Canada is joining the ranks of iconoclastic firebrand countries like Belgium, the Netherlands, Switzerland and Colombia (as well as the odd renegade US states like Washington and Oregon, and the Canadian province of Quebec), in making doctor-assisted suicide legal.
The Supreme Court of Canada yesterday ruled unanimously that people should be allowed legal access to assisted suicide, rather than being forced to take their own lives in a violent, dangerous or unreliable way, or continuing to suffer in the hope of an early natural death. As the articles (not, I think, the court) succinctly put it, the right to live is not a duty to live.
Yet again, the (largely Conservative-appointed) Supreme Court has given a slap in the face to Mr. Harper, which is maybe a good indication of just how far to the right Harper and his government have wandered.
The Court has given the government a year in which to implement the ruling, and establish the necessary safeguards. But it also offered a few general parameters to help with this, including the injunction that it should only be administered to a "competent adult person" who "clearly consents to the termination of life" and who has a "grievous and irremediable condition that causes enduring suffering that is intolerable to the individual", either physically or psychologically.
Of course, the Conservatives and the religionists are not happy, and, as usual with these morally ambiguous issues, there are other objections. For example, some advocates of the disabled have condemned the ruling, claiming it is too permissive in that it is not restricted to the terminally ill. But it does apparently reflect the will of the Canadian people and the current Zeitgeist: a November 2014 Ipsos Reid survey of more than 2,500 Canadians found 84% support assisted dying, provided strong safeguards were in place.
The task now is to institute a proper legal framework to make the ruling work, and to establish those safeguards. It sounds easy when you say it like that, but I've a suspicion that the hard work is just about to begin.
UPDATE
Fast forward to April 2016, and the new Liberal government in Canada introduces a parliamentary bill to enact the Supreme Court ruling on doctor-assisted dying. While the bill does the necessary in effectively legalizing medical assistance in dying, and lays out the general process for doing so, it has been criticised by many for being too cautious and narrow in its remit.

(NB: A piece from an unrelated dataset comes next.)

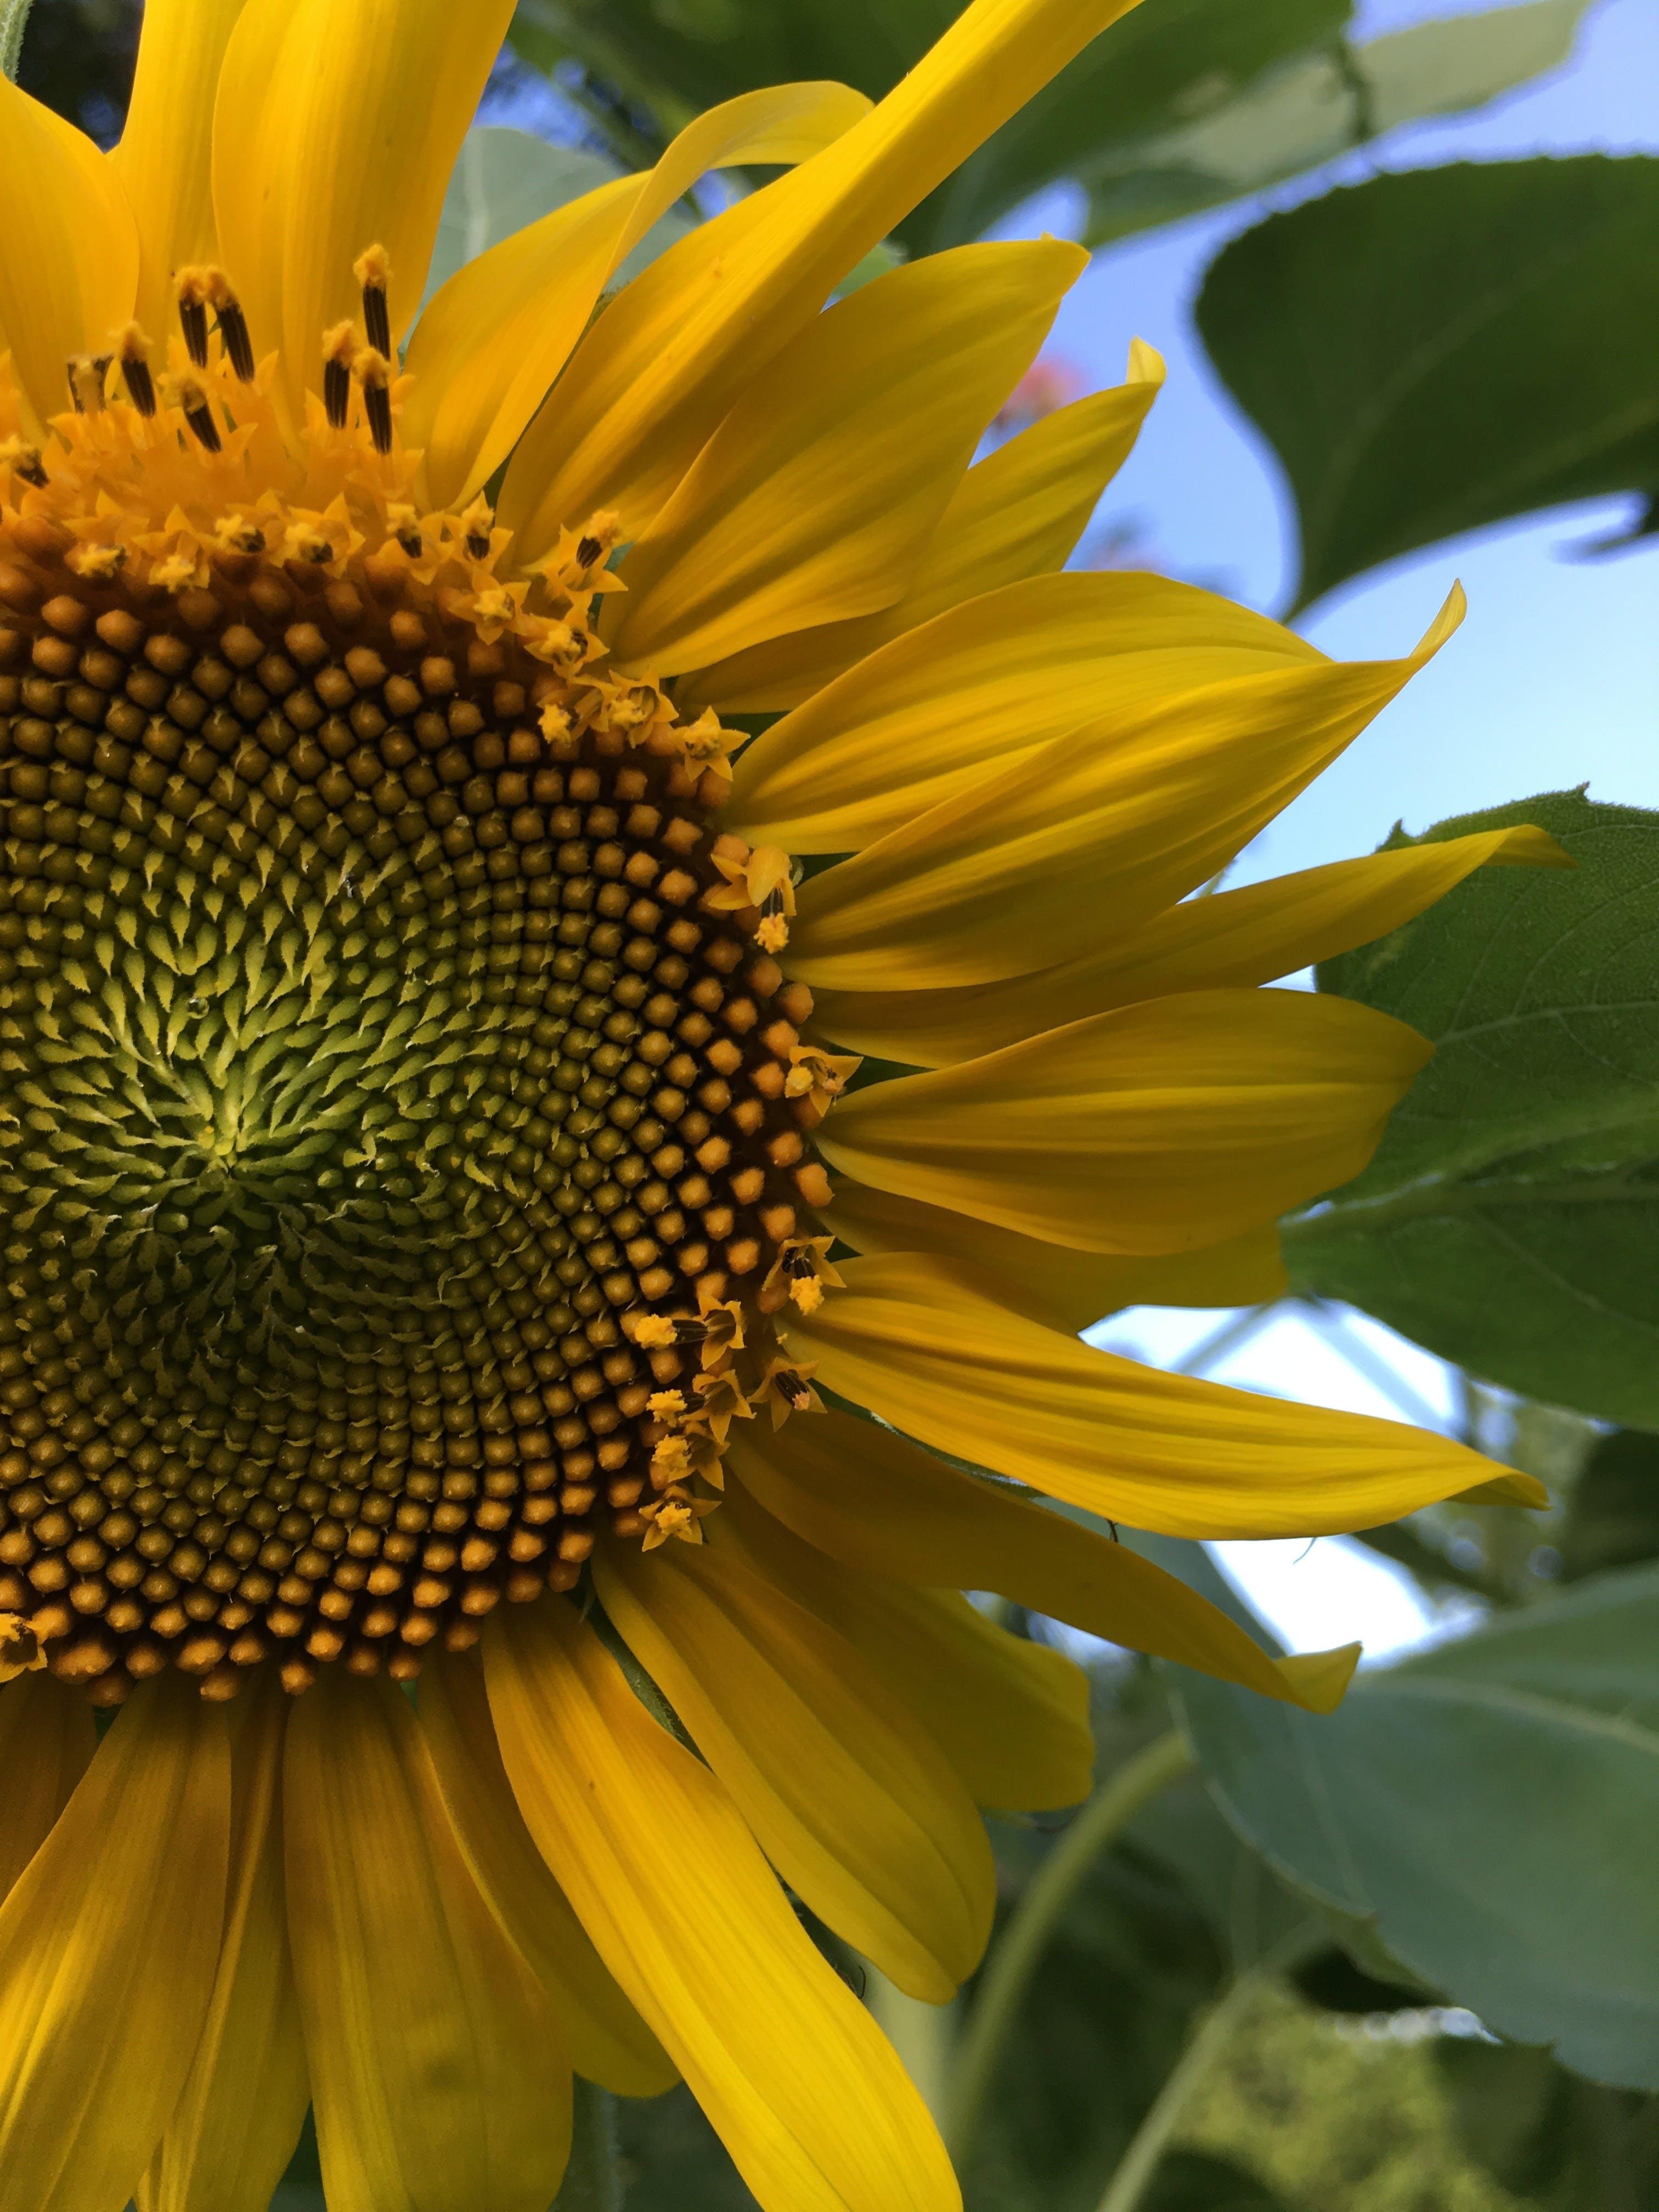 Free stock photo of summer, blue sky, sunflower, green leaves

It is indeed narrower than the Supreme Court ruling in that it allows for doctor-assisted suicide only for mentally competent adults over the age of 18, where "natural death has become reasonably foreseeable". The latter part in particular is contentious because of its vagueness, and because it may exclude people with degenerative neurological diseases like dementia, Huntington's disease, Parkinson's disease, ALS, multiple sclerosis, etc. The bill allows for no mechanism for advance consent for people with degenerative diseases or worsening psychological conditions. It also puts the current Quebec law, which specifically requires a terminal condition, in limbo.
So, a good start, perhaps, but this is far from over. All major parties have promised a free vote on the bill, and even if passed it may still be subject to legal challenges.
UPDATE UPDATE
The bill was finally passed on June 17th, a week or two after the court-prescribed deadline, and after a lot of toing-and-froing and argy-bargying between the House of Commons and the Senate. Many of the Senate's recommended amendments were accepted, but in the end the Senate backed down on its most important proposal, namely to remove the "reasonably foreseeable" end-of -life requirement. Thus, patients with a disease like multiple sclerosis probably will be covered by the law, but those with non-terminal or psychiatric illnesses will not, regardless of the pain and distress being experienced. I can see those legal challenges being drawn up even now.